At the end of the last exercise I pointed you towards two functions that perform simple hypothesis testing procedures: `t.test`

(Student’s t-test) and `aov`

(ANOVA). What are these procedures and how does hypothesis testing work?

Let’s start by parsing the crowd sourced answer: the first sentences on the Wikipedia pages for each.

A t-test is any statistical hypothesis test in which the test statistic follows a Student’s t-distribution if the null hypothesis is supported.
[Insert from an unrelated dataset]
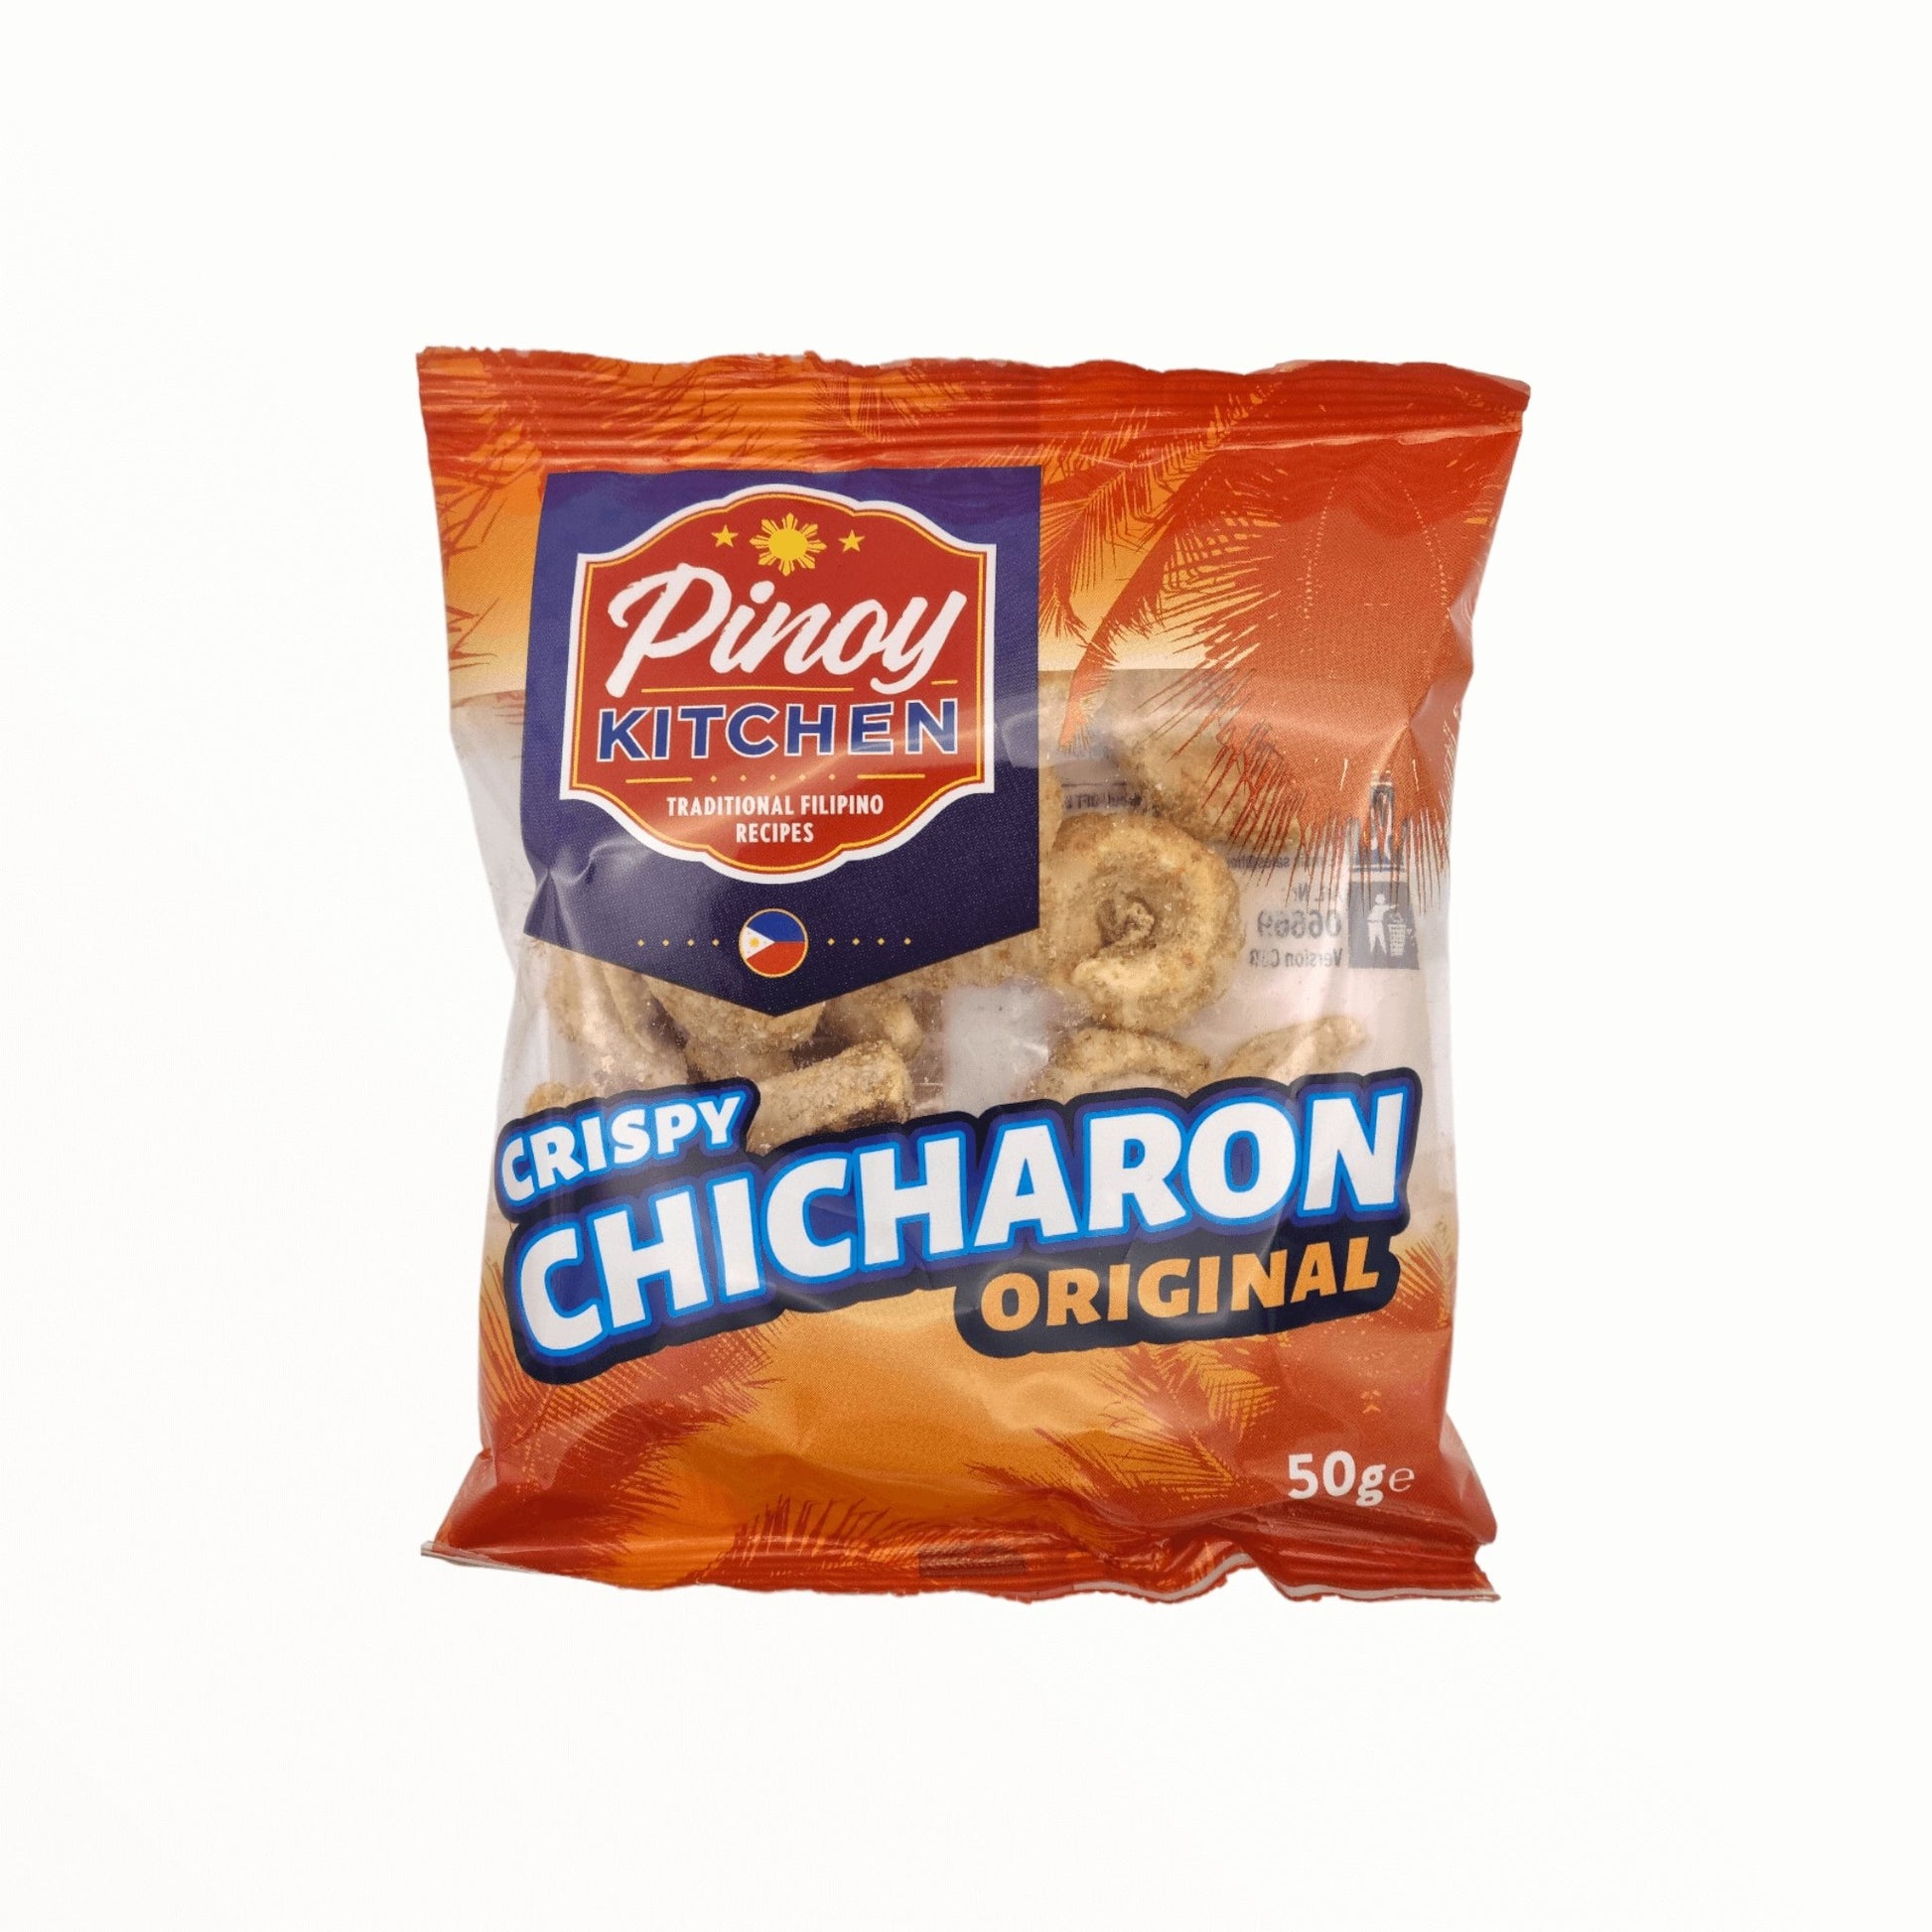 Crispy Chicharon Original 50g - Mabuhay Pinoy Asia Shop
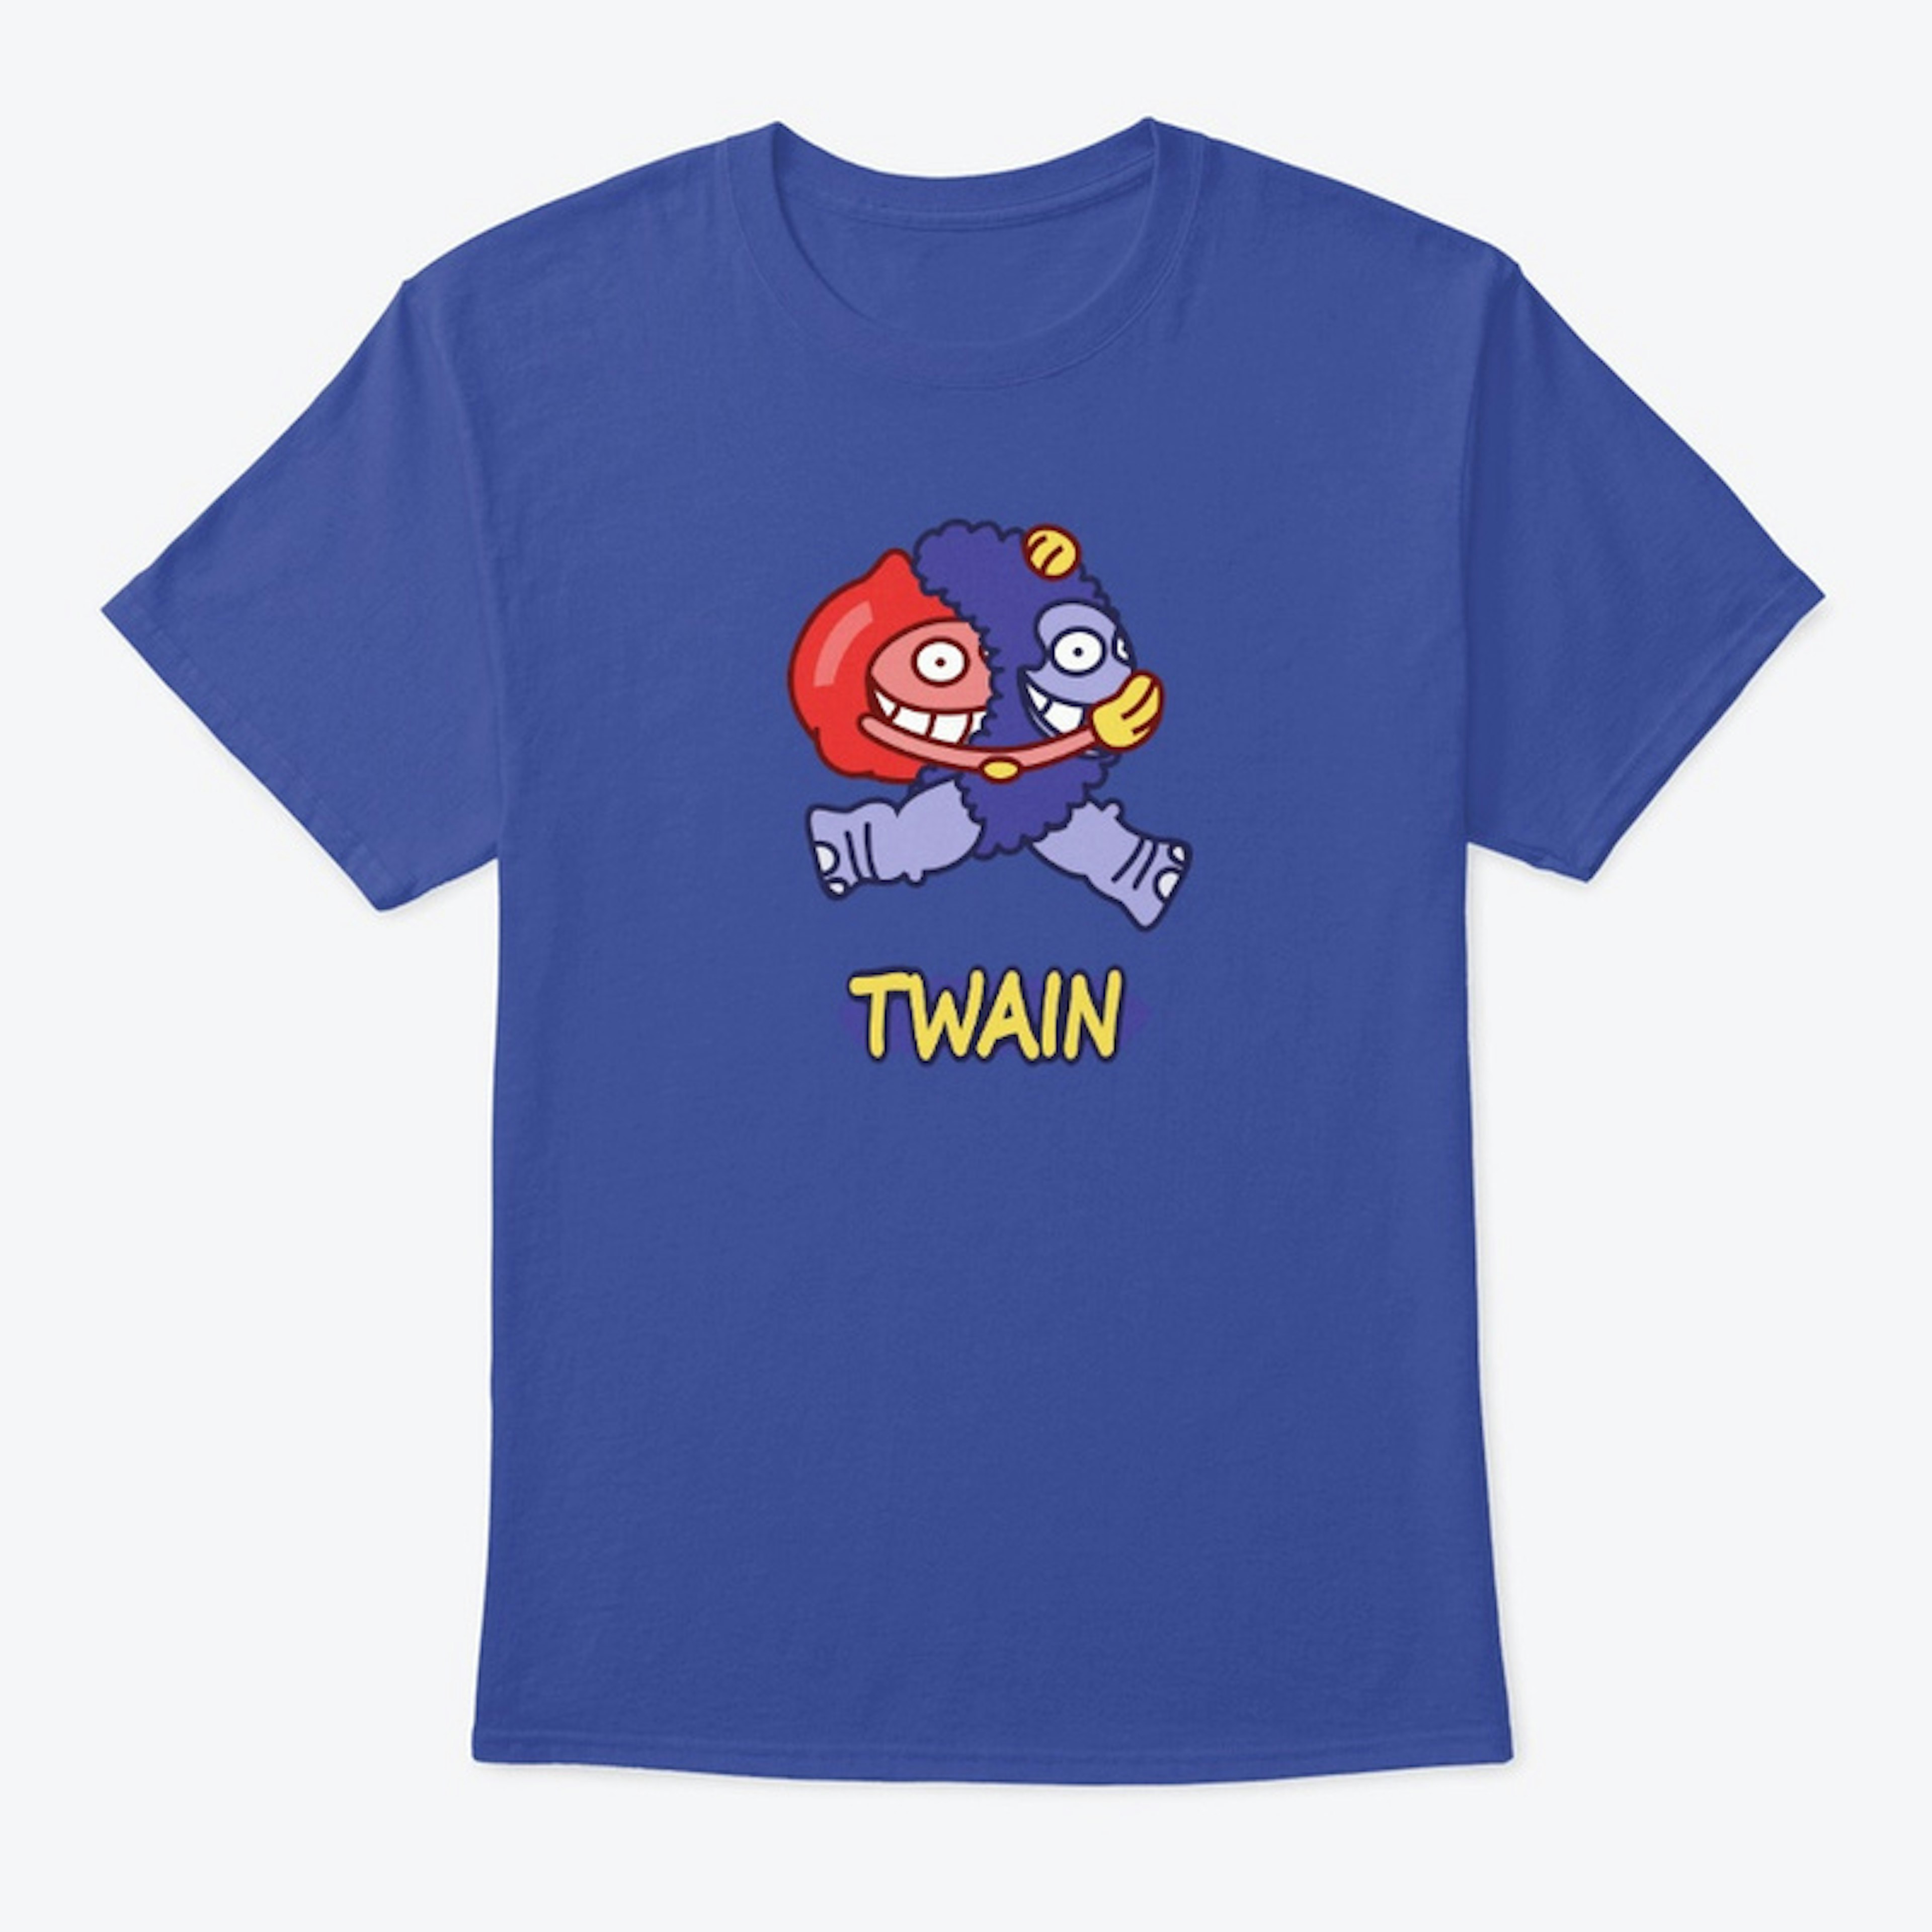 Twain shirt

It can be used to determine if two sets of data are significantly different from each other, and is most commonly applied when the test statistic would follow a normal distribution if the value of a scaling term in the test statistic were known.

R has functions that return values from all of the commonly used statistical distributions (and many uncommon ones as well!). The help page for the Student t distribution summarizes the common set of functions you’ll find for most distributions:

`?TDist`

The naming convention is: `dx`

is the density function, `px`

the probability or distribution function, `qx`

the quantile function and `rx`

is a random sampling function, where `x`

is the given distribution (in this case `t`

).

For those who have never looked at the Students t distribution of values, we can plot a sample:

`plot( dt(-10:10, 1) )`

Analysis of variance (ANOVA) is a collection of statistical models used to analyze the differences among group means and their associated procedures (such as “variation” among and between groups), developed by statistician and evolutionary biologist Ronald Fisher.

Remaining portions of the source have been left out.